Wednesday, 29 January 2020

Upgrading the hard disk in a G4 iMac

I bought this iMac new in 2003 and used it as my main machine for some time. I was writing software at the time, had a number of products out, but it wasn't my full-time business then. Eventually it was packed away to make room for newer machines.
Isn't it beautiful? OSX 10.4 is a really great version of the operating system, and this is the time when iTunes was at its height. I'd long had it in mind that it would make a great jukebox for kitchen or bedroom, with its great Harmon Kardon speakers with optional subwoofer. 

To be useful again, mine needed:

  • Wireless card (I never did fit one)
  • Hard drive upgrade* (the standard 80Gb one isn't big enough for half of my music collection)
  • Replacement CD drive** (mine had broken somewhere along the line)
  • New battery (small alkaline battery for keeping the time and date)

The parts I expected to be hard were easy, and the parts that should have been easy were hard. I'm documenting my experiences here because there are some things that may be useful to others.

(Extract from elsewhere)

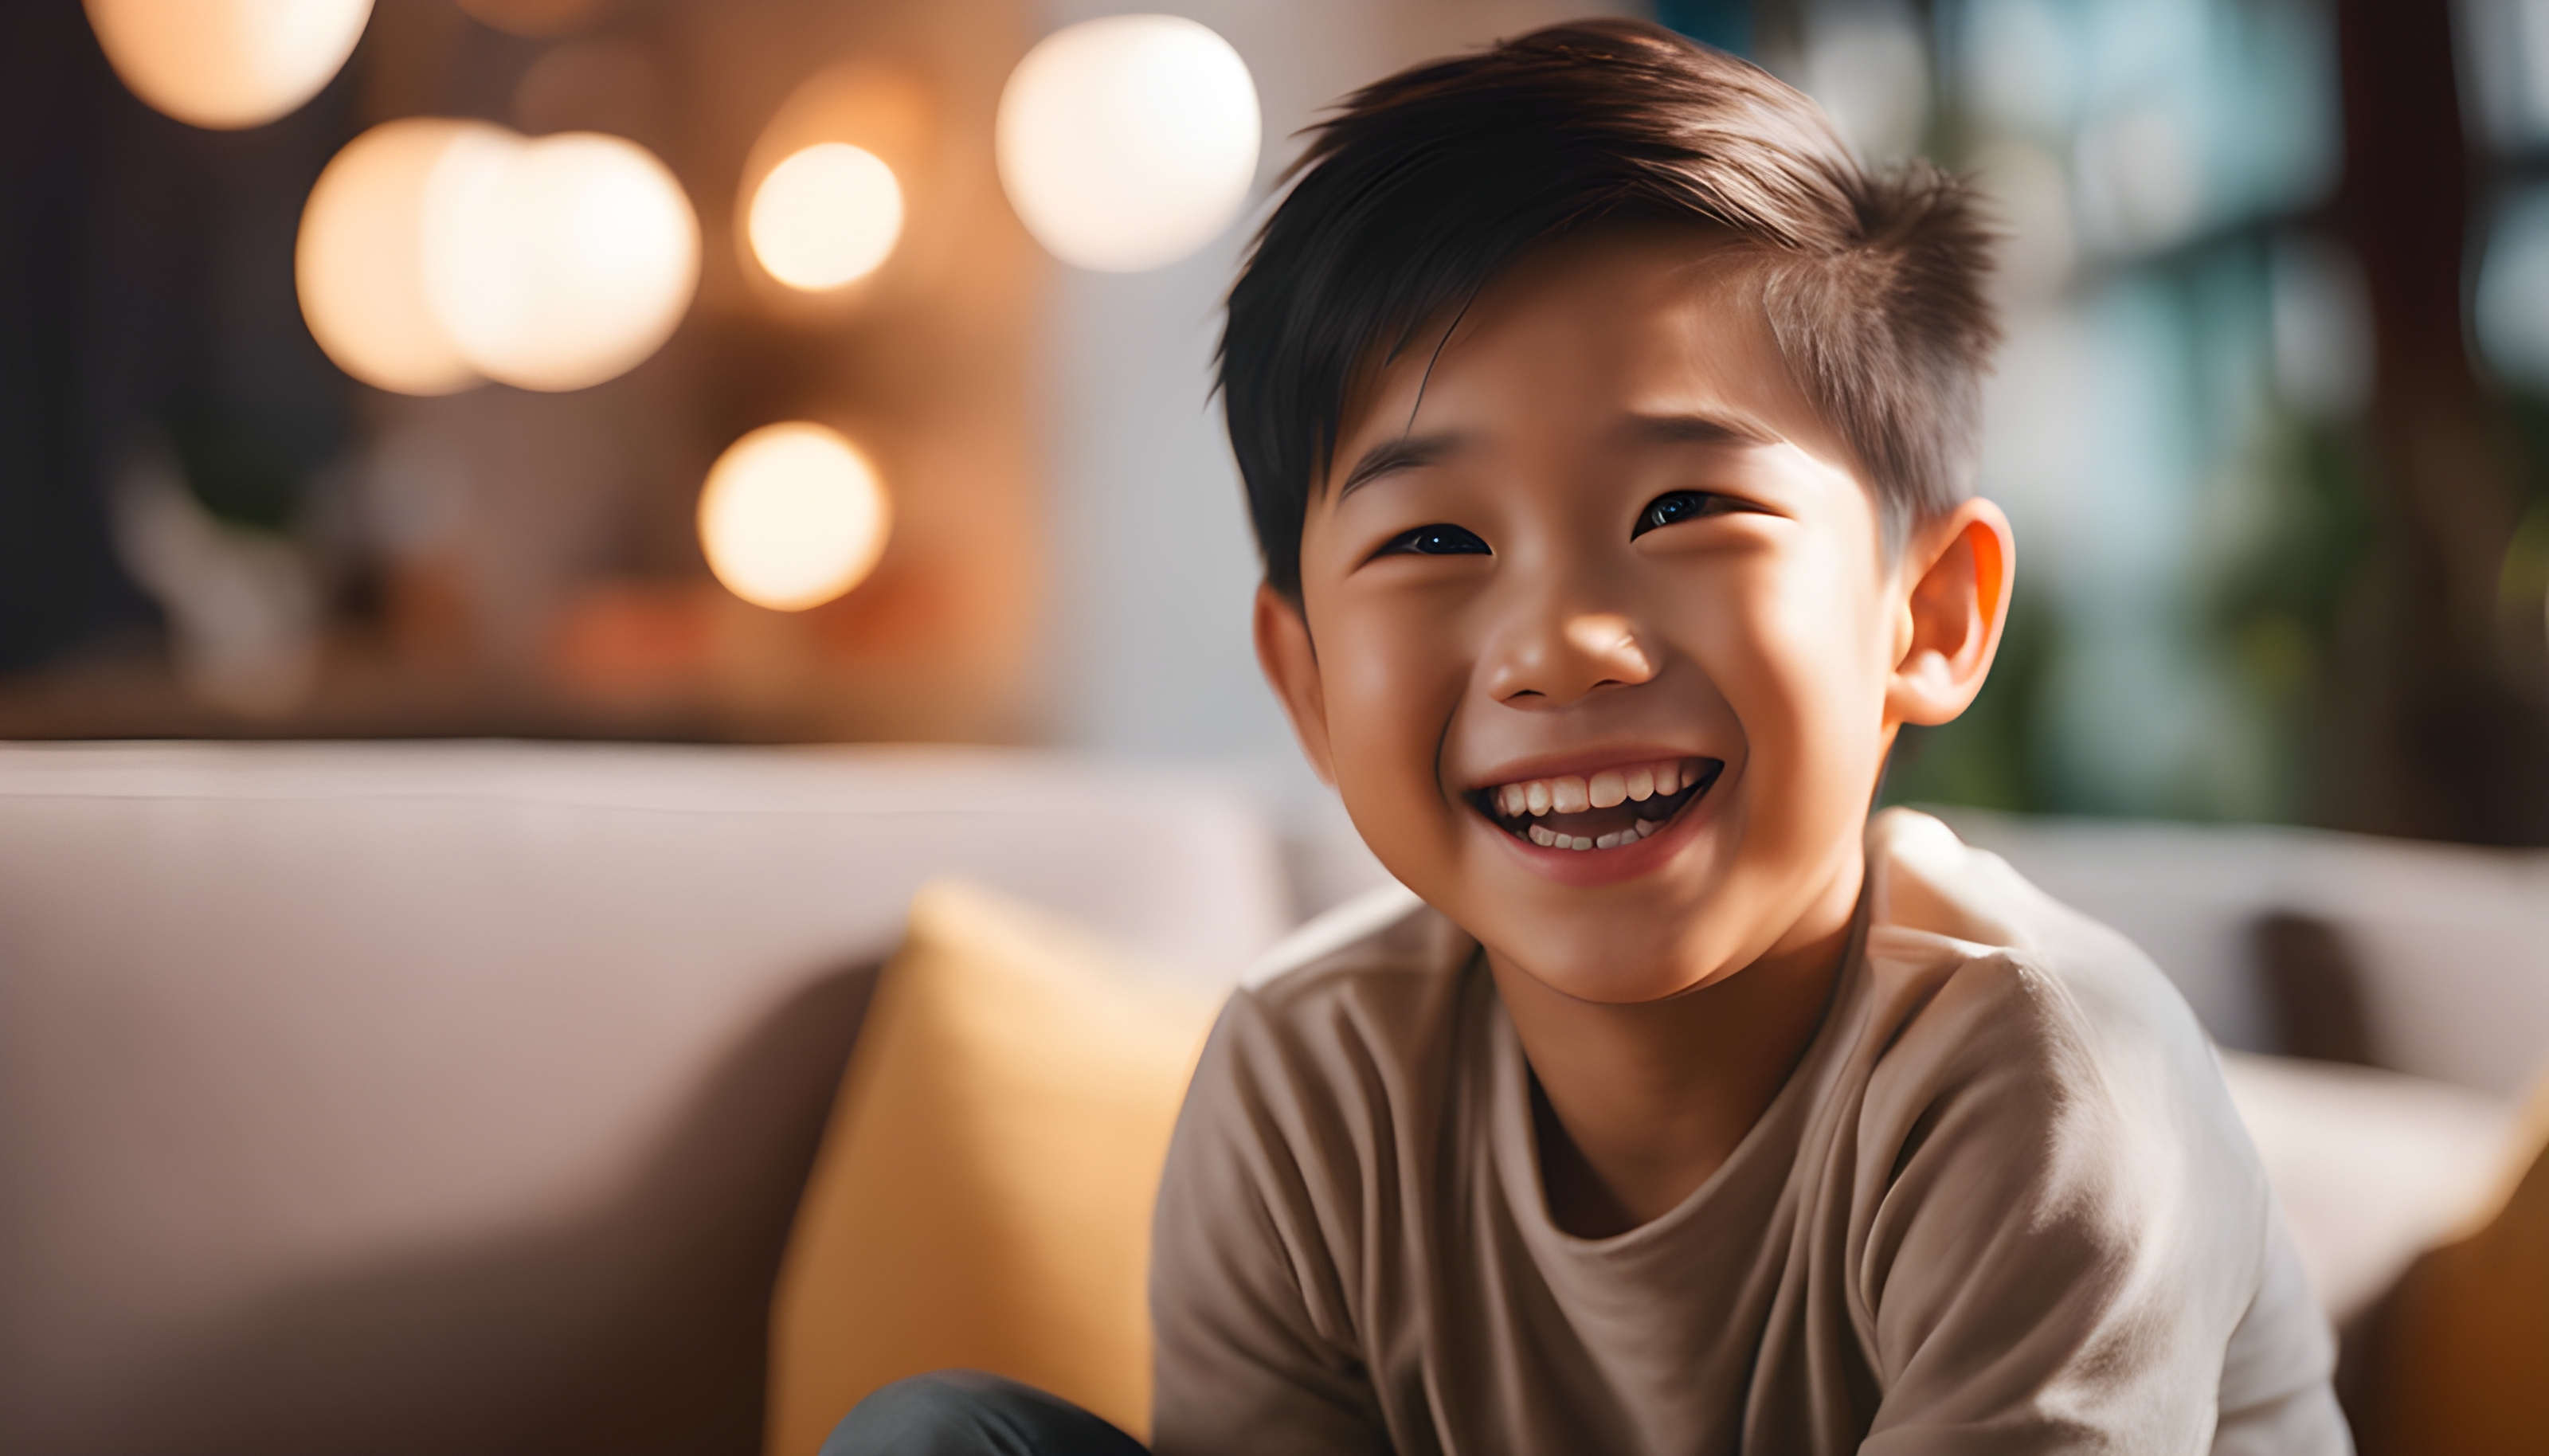 สร้างภาพโฆษณา เด็กชายชาวเอเชียยิ้มด้วยความสนุกสนาน ด้านหลังเป็นห้องนั่งเล่น cinematic scene กล้อง ARRIFLEX 35BL เลนส์ Canon K35 Primes

I'd already collected some of these parts, intending to do the work one day. Last week something reminded me of Cro-Mag Rally. It's a great game and the Mac version is now free, thank you Pangea. The OSX version needs a PowerPC mac, and my clamshell iBook proved too slow. so out came the G4 iMac.
 It wasn't remembering the time, which of course means that the battery is dead, and a battery inside an almost 20-year old computer is bad news. So perhaps the time was right to carry out those other upgrades at the same time.
The wireless card and adding RAM are pretty much a trapdoor job (well, behind the stainless steel cover, which has 4 captive crosshead screws. Very simple.) No worries if that's all you have to do.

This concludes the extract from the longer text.